Why should I remember what God has forgotten? What good does it do to glance backward?Share
Dad had skill and passion for landscaping and I wish I had thought to ask him why he loved it the way he did. What do you love about designing gardens? What do you love about hard manual labor? And then the more detailed questions: How do you decide which plants belong in which spots? How do you decide which plants complement one another? What do you love about this particular plant and that particular flower? What are you trying to accomplish in this garden? But, alas, to my recollection I asked none of these questions. I received none of the answers. And while I know what dad dedicated his life to, I don’t really know why.When I ask others why they do what they do, I’m often blessed to hear them describe their love for things I’ve never considered lovable: crafting beautiful smiles from misaligned teeth, bringing order from numerical chaos, instructing children in the basic skills of life. As I listen and ask follow-up questions, I learn—I learn to appreciate what I have often never considered before and even what doesn’t especially enthuse me. God is good to give human beings skills and passions and good to allow us to express them in our vocations. He is good to allow our enthusiasm about these things to be transferable and contagious.
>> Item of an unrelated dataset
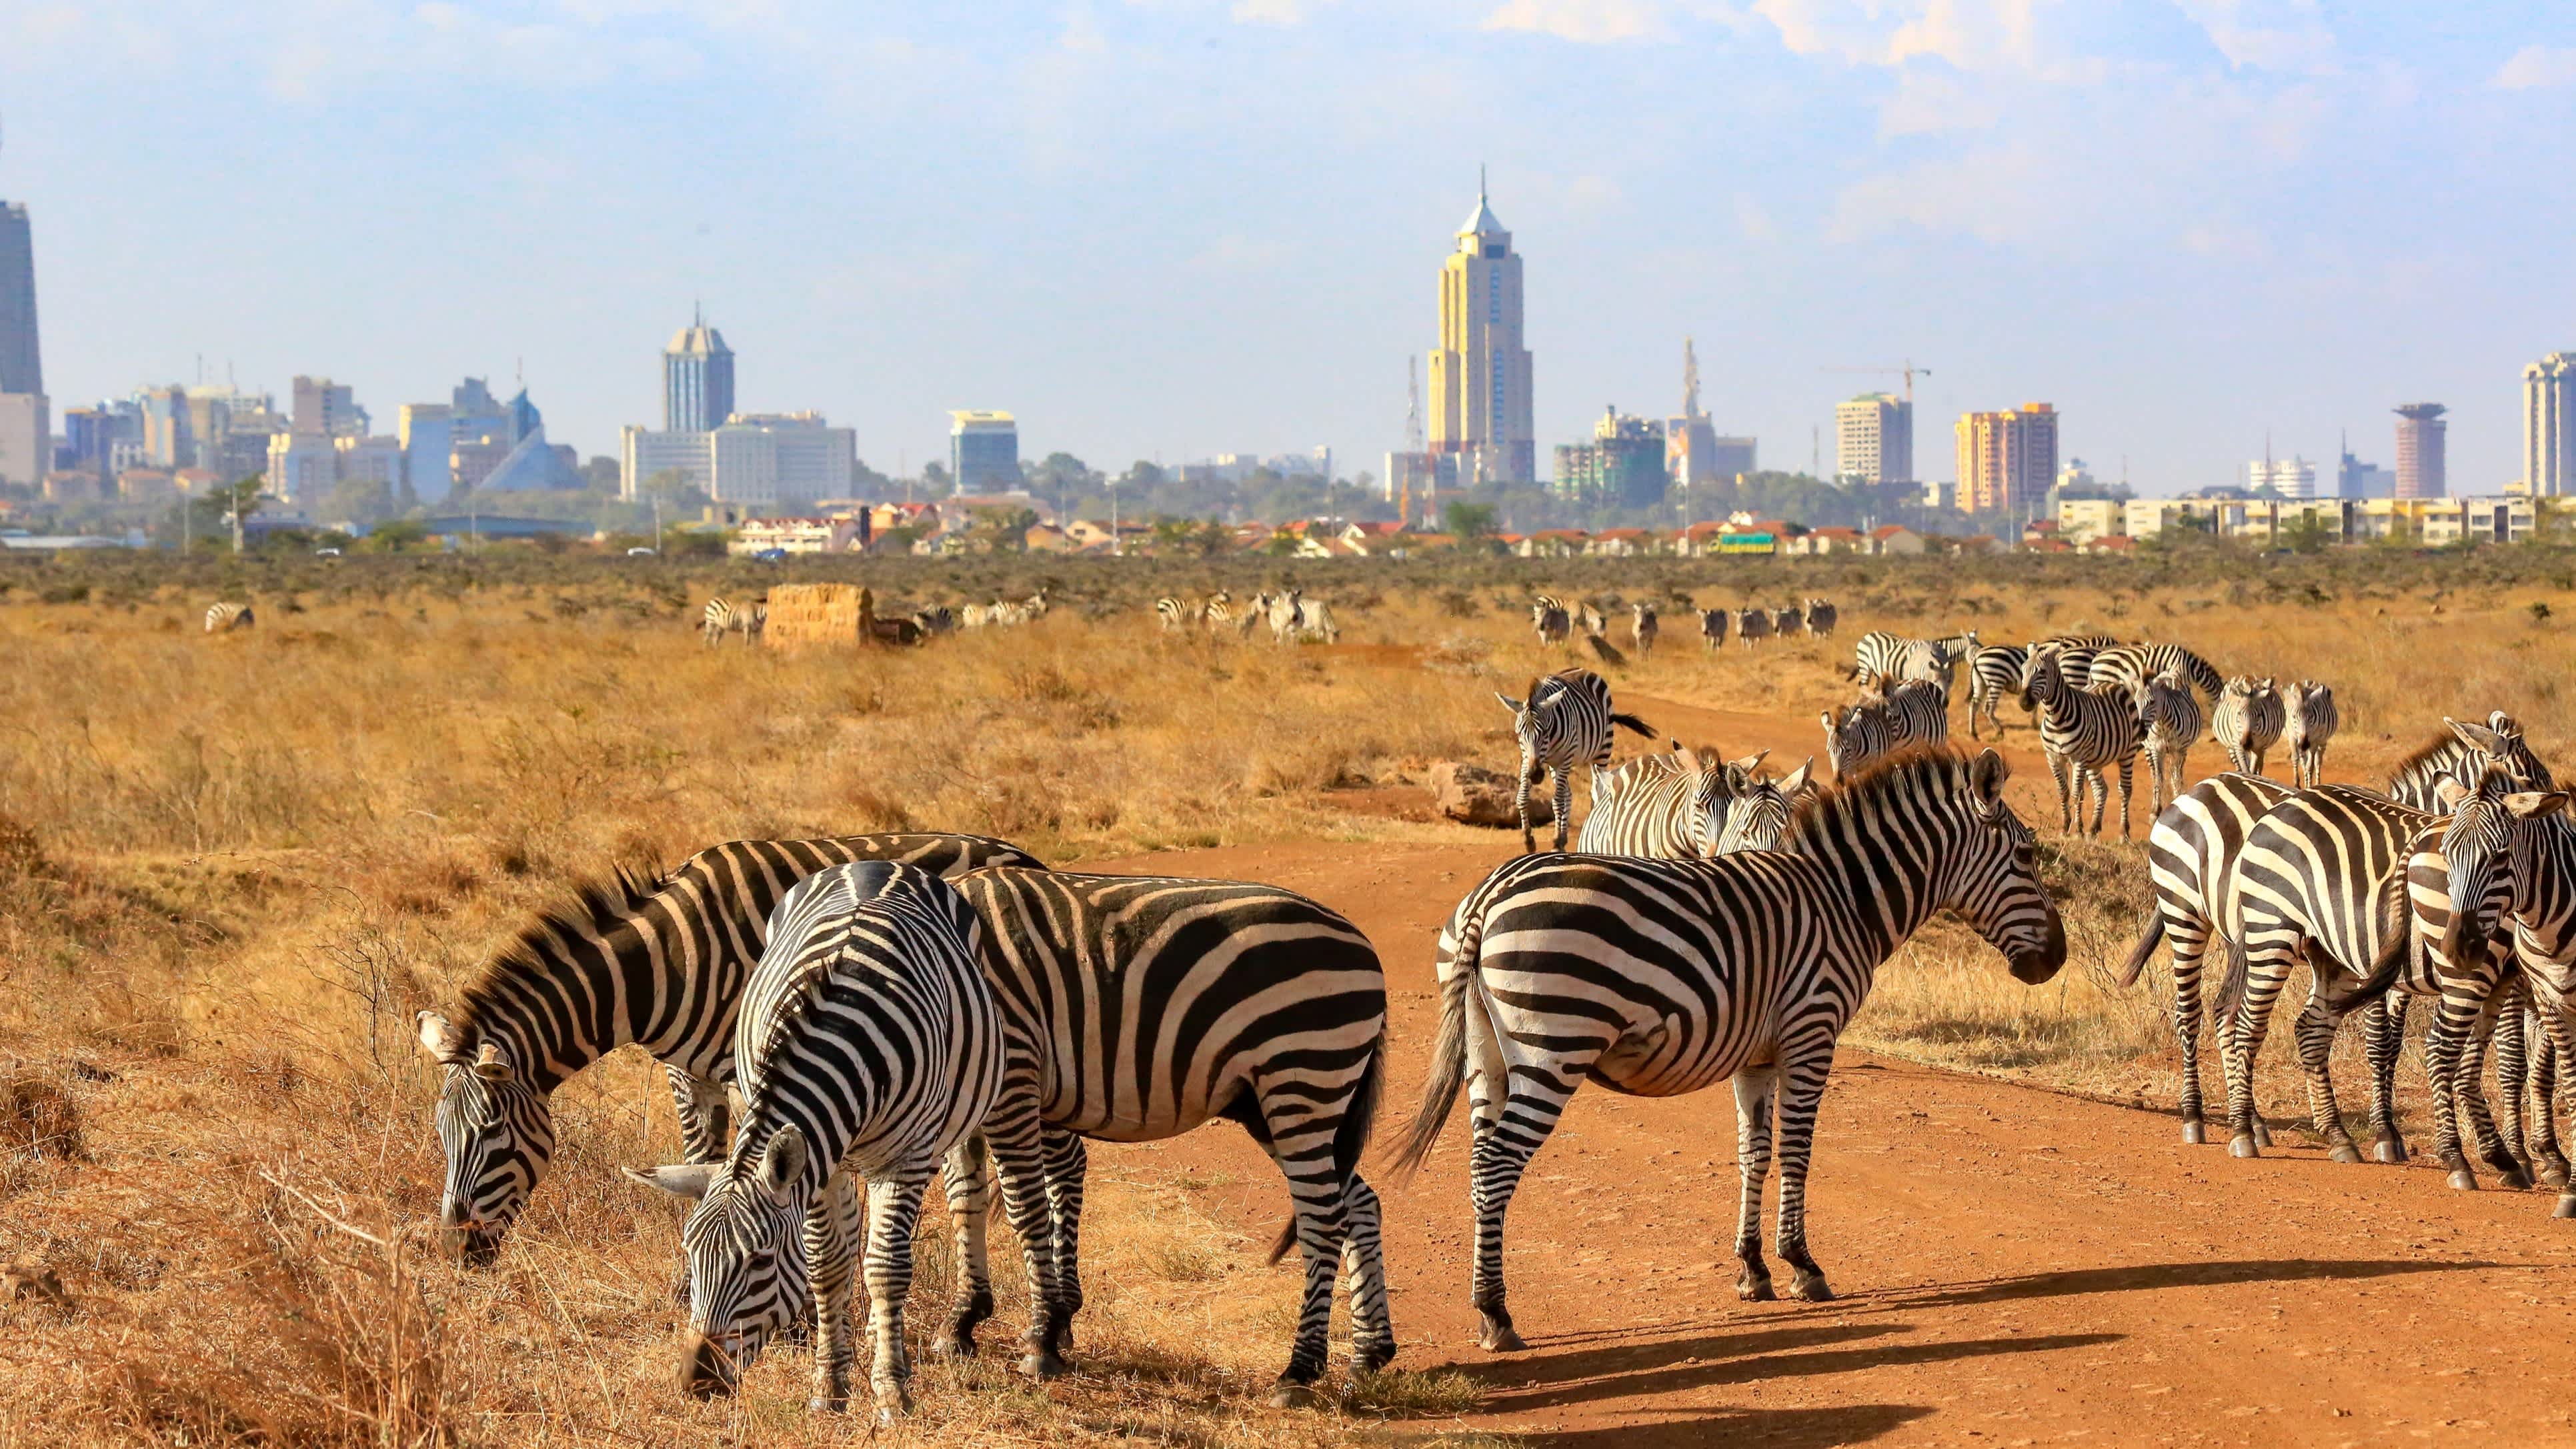 Africa, Kenya, Zebras graze in  Nairobi national park with the Nairobi skyline in the background.

One thought that comforts me as I consider gifts, passions, and talents, is that I’m reasonably certain they carry over from this life to the next. After all, we carry over from this life to the next, and surely not as people who are made into entirely new individuals and given entirely new personalities, but as people who, though forgiven, restored, and perfected, are still ourselves. If this is the case, then those who have not been able to do what they love in this world will be able to explore it in the next. Those whose talents have laid dormant through difficult circumstances or whose passions have been sublimated to the call of duty need only wait, for eternity will dawn with fresh and unending opportunities to engage every good desire.
And for those of us who wished we had asked the questions and learned from another person’s interests, eternity offers a second opportunity to do so—to learn how they love to glorify God through the way he made them and through their expression of what he has entrusted to them.